Acompanho seus olhos, agora pousados num cachorrinho da madame estrangeira: era um “poodle”, bem cuidado, ocupando uma das cadeiras,  servido pela mulher, entre gritinhos de euforia, a cada dentada do cão. Consigo penetrar o pensamento do garoto, pela expressão do olhar: há, agora, indignação. Por que aquele cãozinho, que apenas latia, sem conseguir falar, valia mais que ele, gente, gente que fala, senta, tem conhecimento de si e de tudo que o rodeia? Talvez valesse a pena ter nascido cachorro de madame. Ou até mesmo um vira-lata, que sofre, mas não sabe de si, de seus direitos, se é que os tem.

Mas ele, sim, conhece seus direitos. Pelo menos de comer, de conseguir expulsar a fome que lhe faz roncar o estômago, principalmente nas noites mais frias, na beirada do brejo, dormindo aos solavancos, coberto por jornais, na angústia e no medo. Não fora, várias vezes, acordado aos chutes e pontapés?

Os olhares dos que usufruem do restaurante começam a cruzar-se, numa cumplicidade velada, cada um procurando solução para o problema concreto, ali, naquele momento, agora um problema de todos. Um monument a fome, paralisada, devoradora, aviltante, fome do mundo, de boca escancarada, vindo-me à mente os meninos esqueléticos da Etiópia, os abandonados da Bósnia, famintos e tristes, os nossos meninos encardidos de pobreza no Nordeste brasileiro. A fome está diante de mim, e eu paralisada de espanto. Até que um rapazinho mais afoito decide: cata um farturento prato de comida e, rapidamente, meio às escondidas, abre a porta lateral e entrega o regalo às ávidas mãos do menino.

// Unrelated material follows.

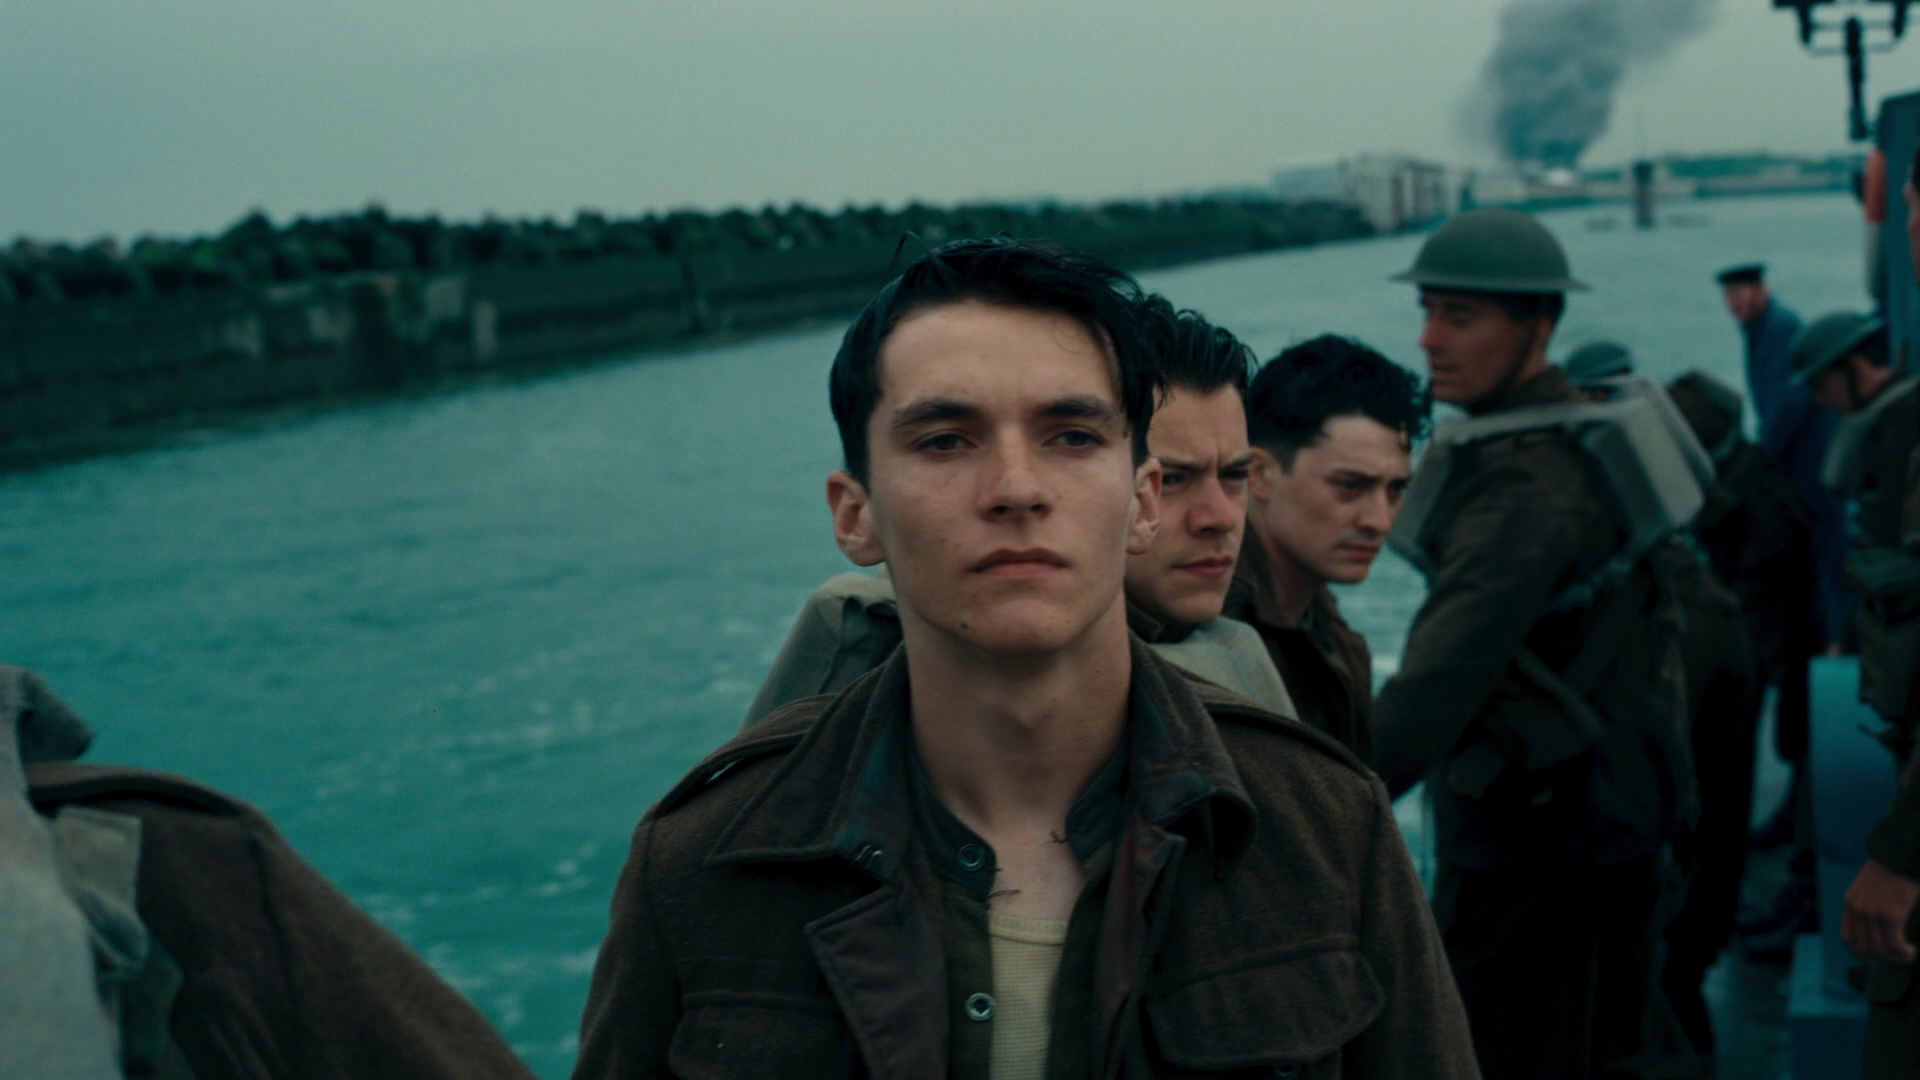 ؿ̶/ؿ˶˴ж Dunkirk.2017.1080p.BluRay.x264.DTS-HD.MA.5.1-FGT 9.41GB-6.png

De repente, saídos não sei de onde, não era mais um, eram dezenas de crianças famintas que, sem falar, abriam imensas bocas, cada vez maiores e mais famintas.

Num lance comum, como que hipnotizados pelo mesmo sentimento de culpa, o dos saciados, todos se levantam e, em procissão, num movimento agora incontrolável, pratos de iguarias diversas às mãos, dirigem-se à rua. E, no chão, improvisando mesa gigante, sob o pasmo olhar do sol, as crianças de rua, uma vez na vida, como animais famintos, devoram a fome.